Q UANTIFICATION OF THE COLLISION EFFICIENCY IMPACT ON THE EXPERIMENTAL COEFFICIENT

When the accretion efficiency is lower than one, some of the particles that stick to the cylinder do not contribute to the accretion. According to previous accretion models (Messinger [4], Guffond [5], Makkonen [6] or the ISO 12494 standard [3]), the liquid part of the particles stuck on the cylinder does not completely freeze. As reported in Figure 134, the sticking coefficient increases with the increase in liquid water content of particles reaching the cylinders.

On the other hand, if one can assume that the differences are related to experimental errors that influence, one can assume that the adhesive efficiency is not just a function of global liquid water content.

Q UANTIFICATION OF MODELED ACCRETION SHAPES

An example of the approach undertaken to evaluate the accretion form is reported in Figure 136. With the accretion form obtained, a new numerical calculation of the flow around each cylinder was performed. As one can see from Figure 138, the calculation procedure associates the aerodynamic evaluation of the flow around the cylinder and the Lagrangian particle distribution model.

The result of the aerodynamic calculation affects the result of the particle distribution which determines the shape of the collection.

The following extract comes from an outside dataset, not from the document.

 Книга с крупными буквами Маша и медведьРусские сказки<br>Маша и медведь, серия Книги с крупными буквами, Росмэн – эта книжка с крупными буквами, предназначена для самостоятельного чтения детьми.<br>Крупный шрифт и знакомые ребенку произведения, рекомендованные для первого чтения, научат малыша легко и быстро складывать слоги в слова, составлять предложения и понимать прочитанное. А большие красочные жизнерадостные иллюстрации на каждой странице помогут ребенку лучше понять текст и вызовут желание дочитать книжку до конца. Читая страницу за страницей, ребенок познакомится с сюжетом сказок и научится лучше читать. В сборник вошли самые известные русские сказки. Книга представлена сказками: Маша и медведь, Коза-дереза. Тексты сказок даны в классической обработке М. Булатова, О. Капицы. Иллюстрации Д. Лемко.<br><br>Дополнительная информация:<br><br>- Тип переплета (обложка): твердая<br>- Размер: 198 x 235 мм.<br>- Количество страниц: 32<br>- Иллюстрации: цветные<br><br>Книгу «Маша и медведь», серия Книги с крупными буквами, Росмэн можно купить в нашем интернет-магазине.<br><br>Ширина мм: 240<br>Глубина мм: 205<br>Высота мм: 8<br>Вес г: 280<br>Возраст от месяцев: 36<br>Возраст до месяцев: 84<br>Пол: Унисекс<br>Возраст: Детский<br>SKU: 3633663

S TICKING EFFICIENCY AS A FUNCTION OF THE PARTICLE - SURFACE ANGLE OF IMPACT

• Theoretical implementation of the angle criterion and application to the experimental
• Accretion shape obtained with a threshold angle
• Accretion shape influence on the global collision efficiency
• Sticking efficiency evaluation for the experimental cases

As a consequence, models based only on the angle criterion may not be sufficient to reproduce the shape of the cluster. For step 24, only one particle is added to the stack according to the angle criterion (Figure 149 square 4). This explains how the mass adhering to the surface decreases with increasing aggregation.

Therefore, for the simulation cases presented, the adhesion efficiency affects the growth progress more than the collision efficiency.

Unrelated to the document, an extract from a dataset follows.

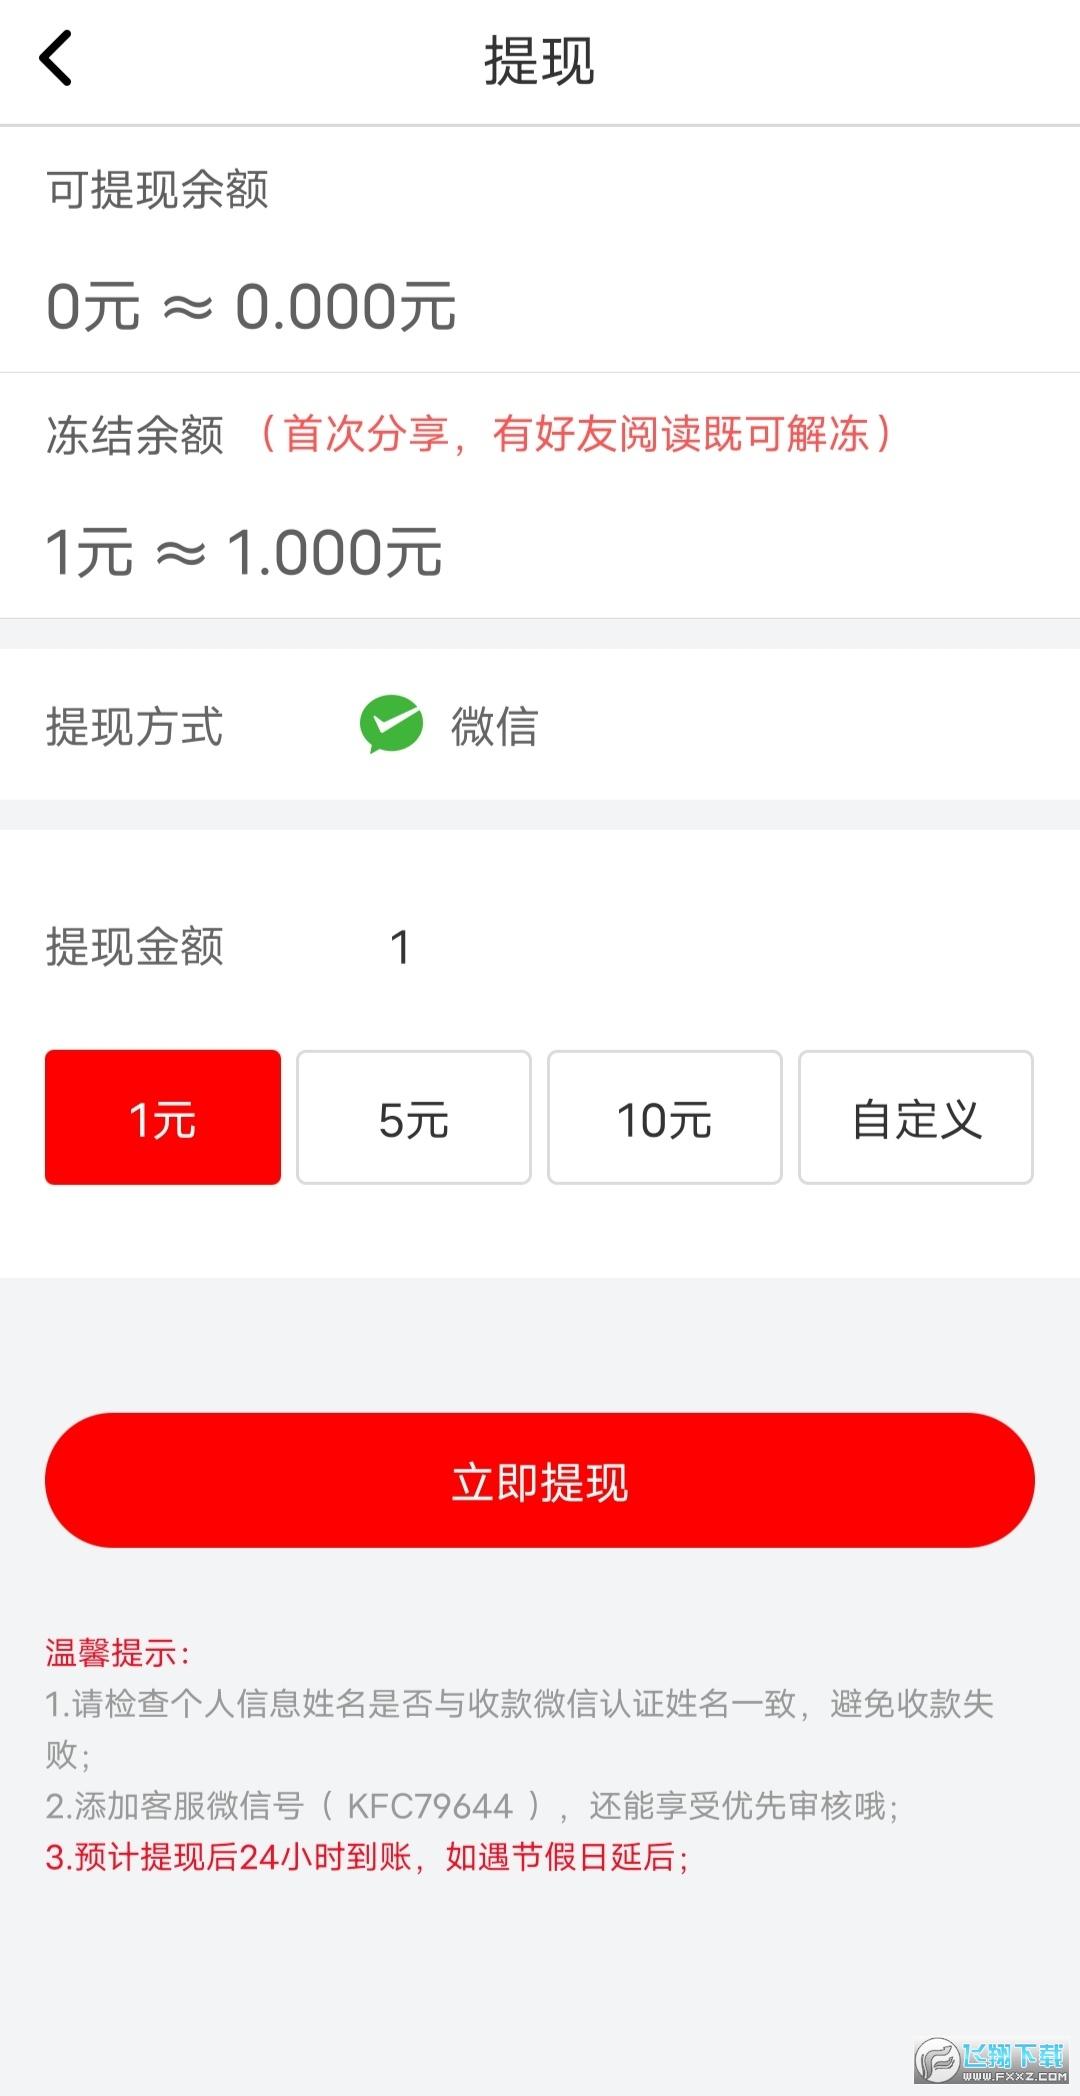 有钱铺极速版转发app1.0.0福利版截图1

A NALYSIS OF THE STICKING COEFFICIENT ( ) ON THE EXPERIMENTAL CASES

• Sticking efficiency analysis: conclusions

In any case, the growth on the upper and lower parts of the cylinders is not well predicted. Either way, it suggests that the adhesive efficiency is related to the velocity of the particles. It can be assumed that this "excessive fouling" is related to the decline of the liquid part of the fouling.

Moreover, the numerical results showed that ( ) fails in predicting the accretion on the upper and lower part of the cylinder.

C ONCLUSION

The second part of the chapter is focused on the modeling of the retention coefficient. In this part, the adhesion efficiency was investigated as a function of the global liquid water content. One can assume that the liquid part of the snow particles acts as a "glue".

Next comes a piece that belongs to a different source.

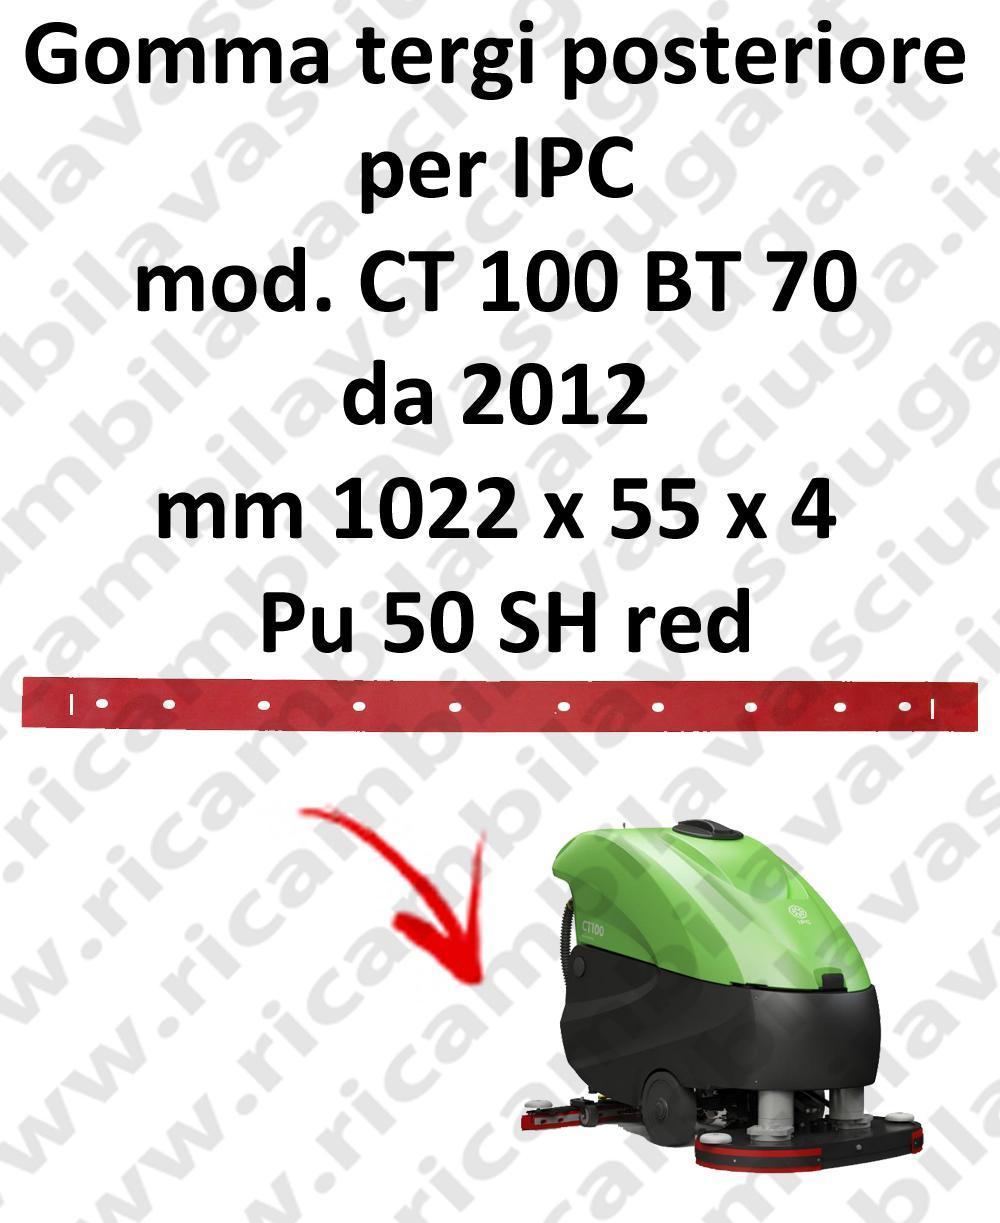 CT 100 BT 70 a partir de 2012 BAVETTE ARRIERE pour IPC

However, it fails to predict accretion on the upper and lower part of the cylinder.

CONCLUSION

La modélisation soutient l'approche expérimentale consistant à ajuster le TEL des particules en fonction de la température ambiante. Le premier aspect a été analysé en modifiant le TEL des particules en ajustant la température ambiante. La première partie du chapitre présente l'analyse de la tendance des particules à entrer en collision dans le cylindre.

La deuxième partie du chapitre est consacrée à l'analyse de la tendance des particules à rester « collées » à la surface et à la modélisation de formes expérimentales.